Re: [PATCH 1/1] iommu/vt-d: Fix lockdep splat in intel_pasid_get_entry()

From: Lu Baolu
Date: Thu Mar 18 2021 - 21:12:59 EST


Hi Joerg,

On 3/18/21 6:21 PM, Joerg Roedel wrote:
On Wed, Mar 17, 2021 at 08:58:34AM +0800, Lu Baolu wrote:
The pasid_lock is used to synchronize different threads from modifying a
same pasid directory entry at the same time.
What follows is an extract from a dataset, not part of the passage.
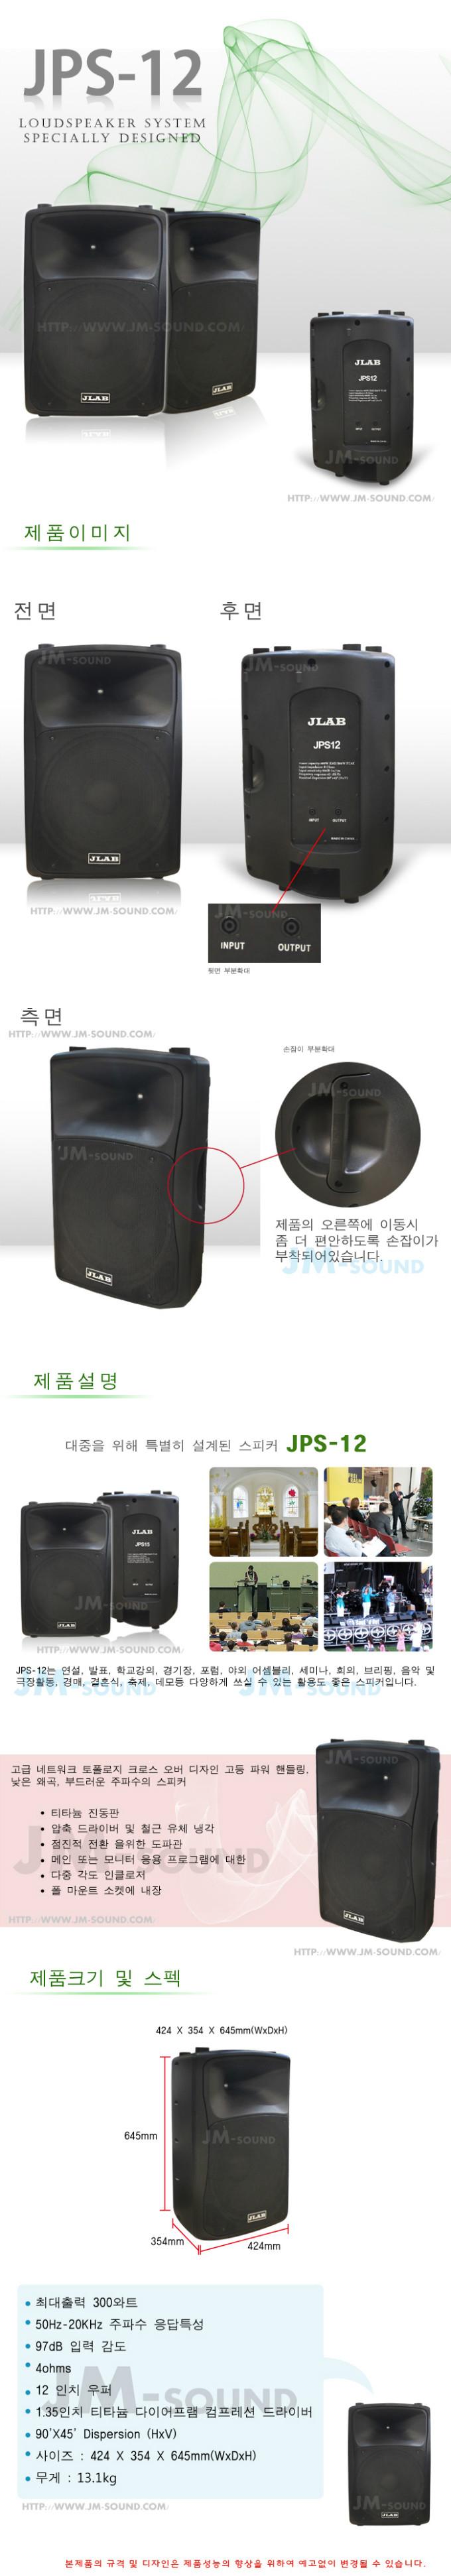 JPS-12-55.jpg

It causes below lockdep splat.

[ 83.296538] ========================================================
[ 83.296538] WARNING: possible irq lock inversion dependency detected
[ 83.296539] 5.12.0-rc3+ #25 Tainted: G W
[ 83.296539] --------------------------------------------------------
[ 83.296540] bash/780 just changed the state of lock:
[ 83.296540] ffffffff82b29c98 (device_domain_lock){..-.}-{2:2}, at:
iommu_flush_dev_iotlb.part.0+0x32/0x110
[ 83.296547] but this lock took another, SOFTIRQ-unsafe lock in the past:
[ 83.296547] (pasid_lock){+.+.}-{2:2}
[ 83.296548]

and interrupts could create inverse lock ordering between them.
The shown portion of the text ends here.